My paranoia is simply because my SkyPlus recording system means that my television is now more reliable than any girlfriend I have ever had. In the days when you had to ask a partner to record Match of the Day for you, a really good one might remember nine times out of ten, but there would always be a time when they forgot, or couldn’t find a tape, or the time it had come on ten minutes earlier because there was no lottery so they missed the first match (the best match) because they were still watching Four Weddings and a Funeral on the other side. But with modern technology, one press of a button ensures that whatever the day, whatever the time, your favourite shows are always waiting for you and nothing is ever expected of you in return. If my television could make me a cup of tea in the morning and put it by my bed, and could drive me home from the pub when I am drunk, I would marry it instantly – though I might need to get a coaxial attachment for my penis. The TV really is enormous; stupidly large, given the size of my living room. I can never quite get far back enough to see what’s on all of it, but it’s good for watching football on. You can see why I would become so afraid of the thought of losing it all through sheer carelessness. Those feelings have now subsided.
Aside from having to concentrate on not having an accident caused by the lunacy of some drivers, I find driving to be an incredibly relaxing experience. I never feel more free than when behind the wheel of my car. It is only our autopilot that makes us turn left where we are supposed to and take the correct exit at a roundabout. The truth is that every time you get into your car there are an almost infinite number of possibilities open to you, and it is now possible to drive from the northernm
ost tip of Scotland to China and therefore anywhere in between! When you realise that this is possible, you cannot help but ask how many decisions you actually make in your life. By a decision made, I mean a conscious effort to take control of a situation rather than simply allowing yourself to respond in what you think is the correct way, given your track record and how you are perceived by the people around you.

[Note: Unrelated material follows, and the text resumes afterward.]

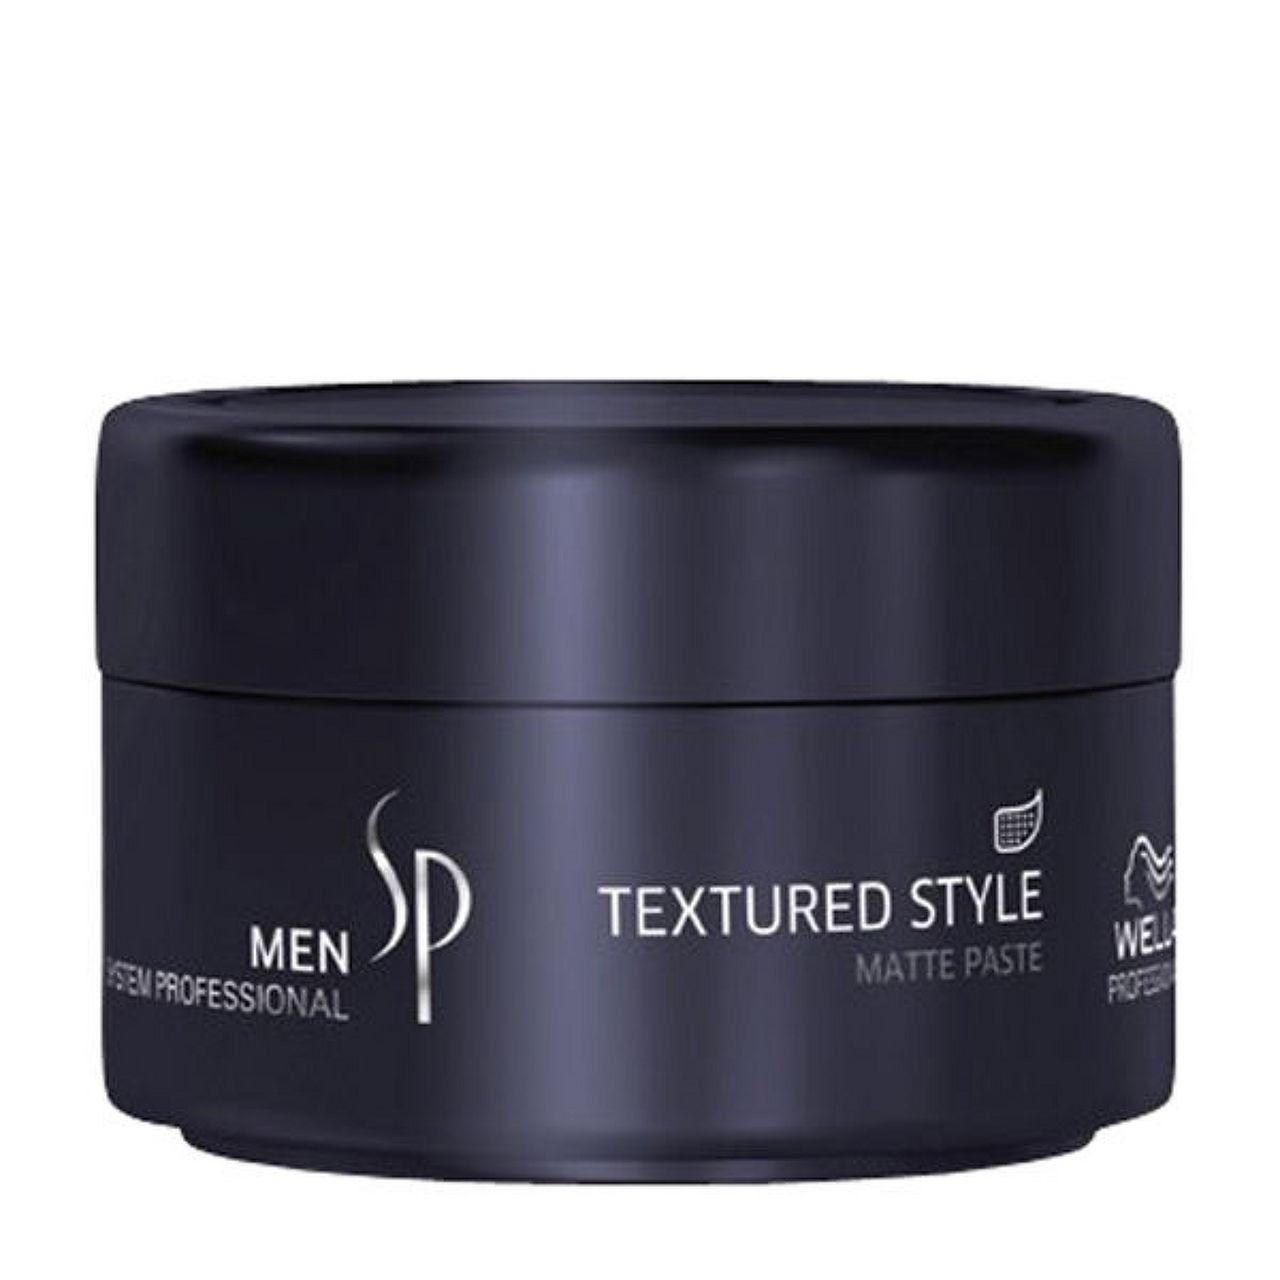 Sp Men Textured Style 75ml imagine produs

Compared with this number, then ask yourself how many things just seem to happen? How many times have you got to work and been unable to remember quite how you got there, or gone through an entire week of your brief life without feeling as though you have done anything significant? In order to be absolutely sure that where you are going is the right choice you first have to consider and discount every other option available to you at that point. Would going to Tuscany make you happier than going to Asda? Would it make you happier in the short term but create problems in the long term, or is it a viable option for a permanent relocation? What about Munich? Of course you don’t do this; no one can live their life according to this set of guidelines or none of us would get anything done for spending our time thinking about the alternatives, but isn’t the very fact that there are that many alternatives in itself a wonderfully refreshing thought? Sometimes it can seem as if there are none, when in fact nothing could be further from the truth. You just have to wake yourself up to noticing them, but most of us don’t.

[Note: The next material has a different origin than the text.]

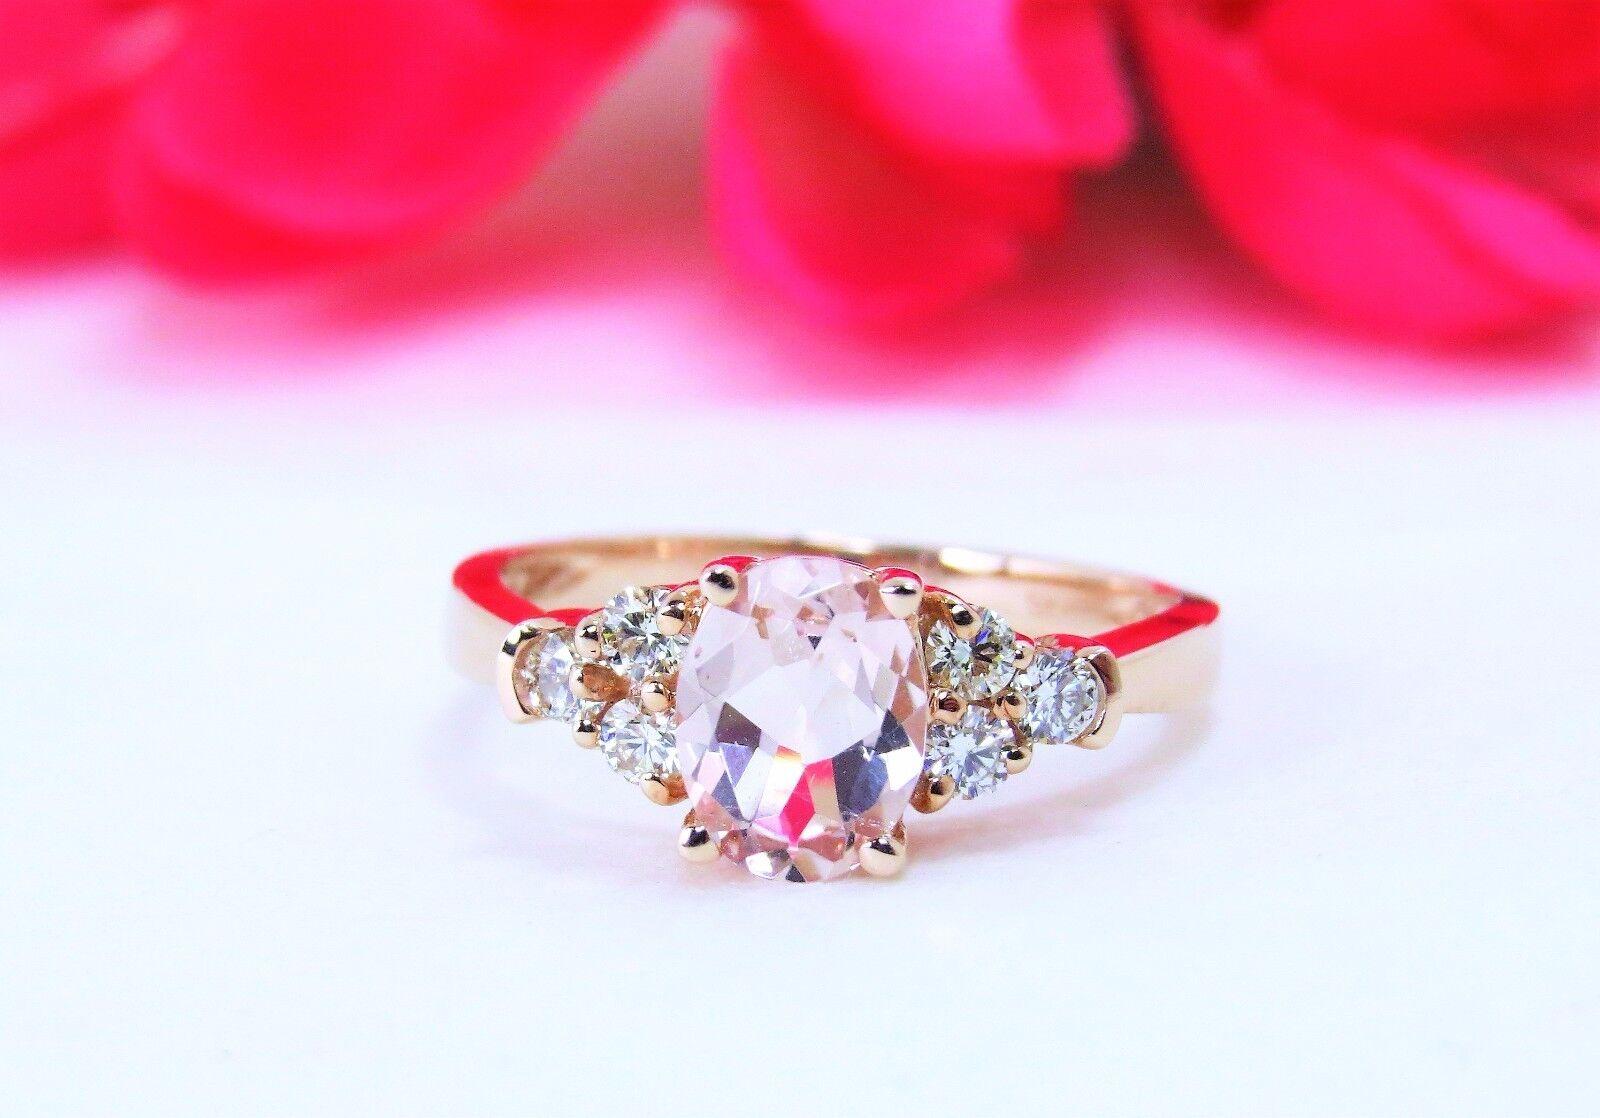 14k Rose Gold Oval Morganite W/ Diamond Accents Ring 7 | eBay

I know that while I am almost certain to end up at my gig in Yorkshire, if I were to just keep on not taking the correct turn then I would be bound to end up somewhere unexpected. From the age of ten I remember being driven to school by my mum and feeling a nervous cramping in my stomach, a pressure that existed precisely because I had always been academically very successful up until that point. I had always done well in tests and exams, behaved well and done all my homework but even then to me that just meant that the one day it all collapsed around me everybody would laugh at me all the more. Teachers would be more disappointed in me than anyone else.